* Data for the task
■ ■ ■ ■ ■
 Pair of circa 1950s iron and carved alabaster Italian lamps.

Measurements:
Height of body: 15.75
■ ■ ■ ■ ■
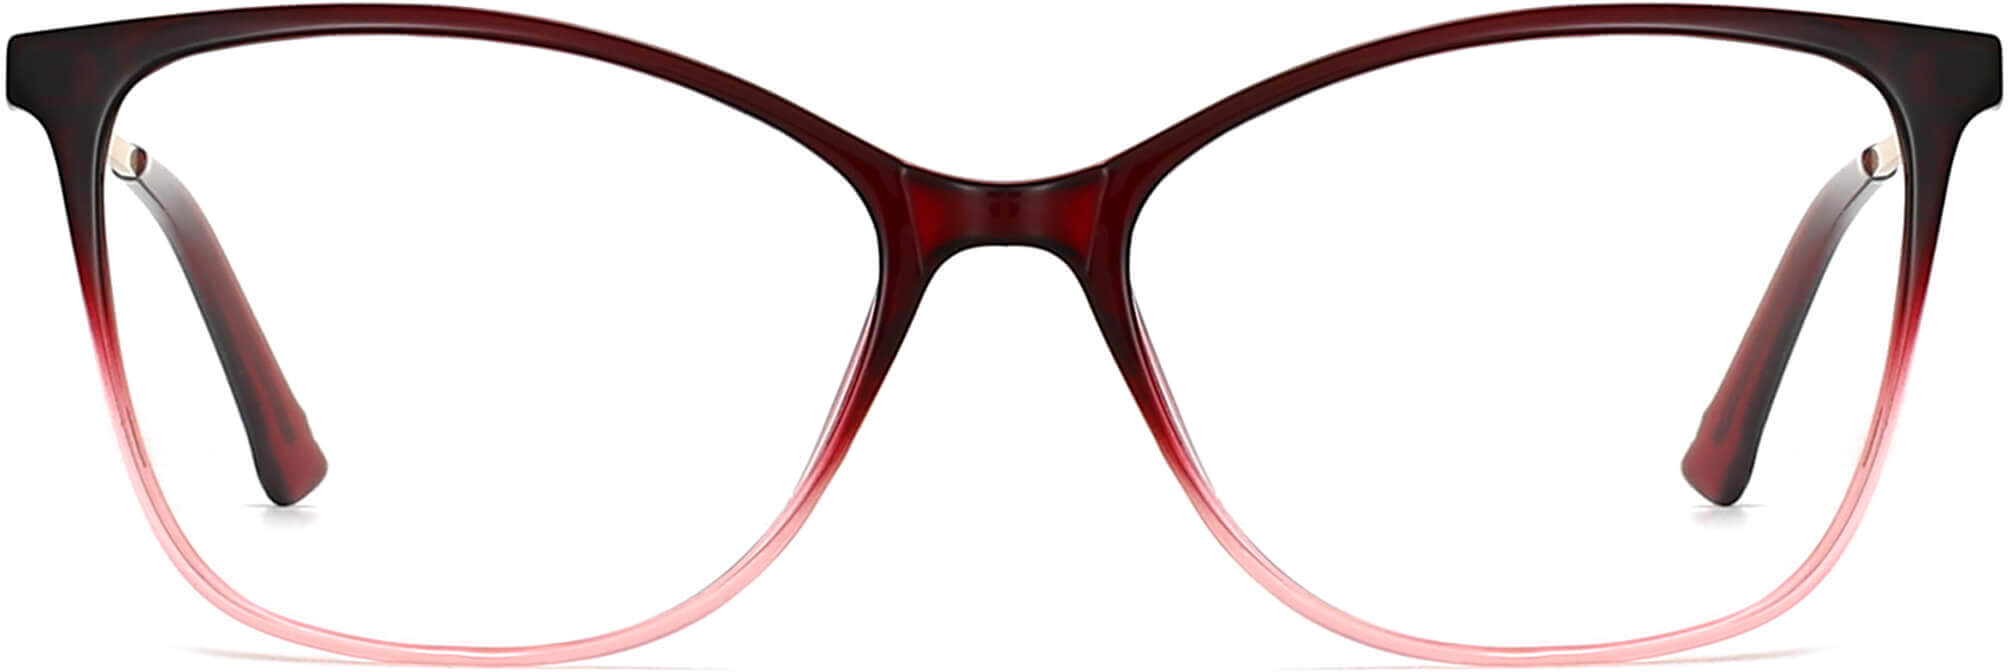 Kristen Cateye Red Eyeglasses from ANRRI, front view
■ ■ ■ ■ ■
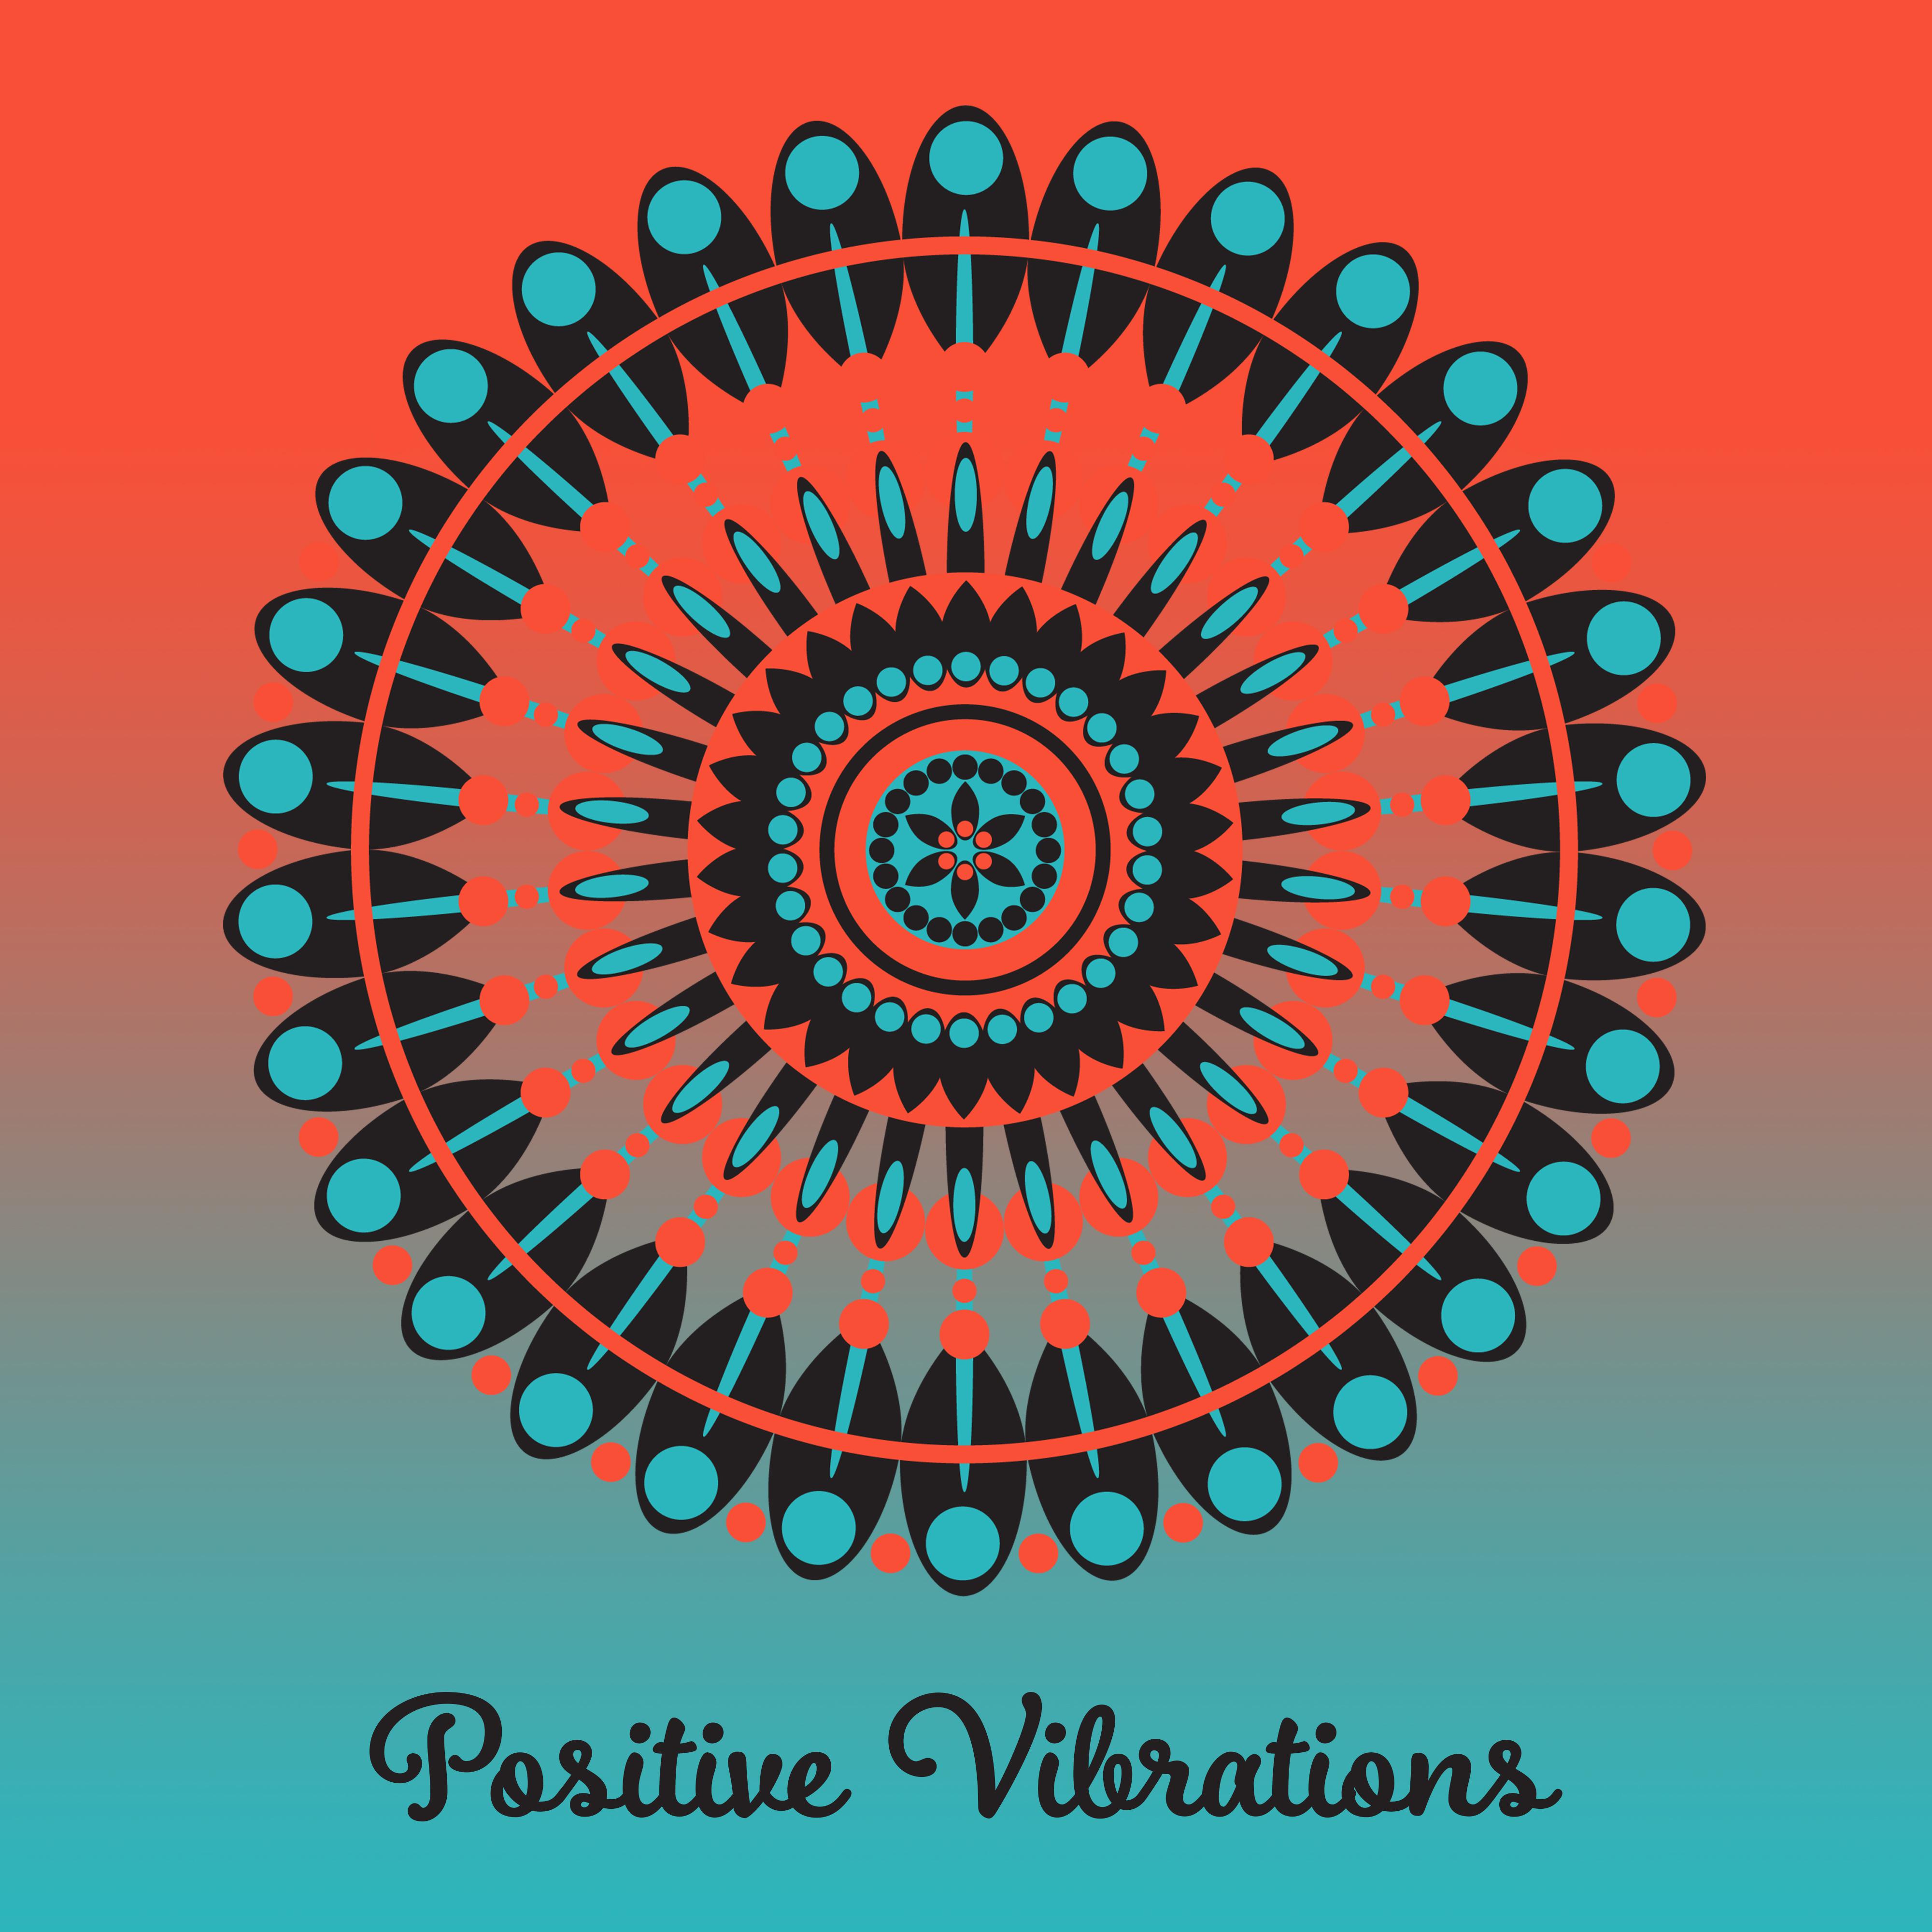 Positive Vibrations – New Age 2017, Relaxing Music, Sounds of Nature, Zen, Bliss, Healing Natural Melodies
■ ■ ■ ■ ■
* Work item
Would you please write out, exactly and with no other lines, the stretch of the listing above from the line containing "Pair of circa" through the line containing "Height of body: 15.75"?

* Output of the task
 Pair of circa 1950s iron and carved alabaster Italian lamps.

Measurements:
Height of body: 15.75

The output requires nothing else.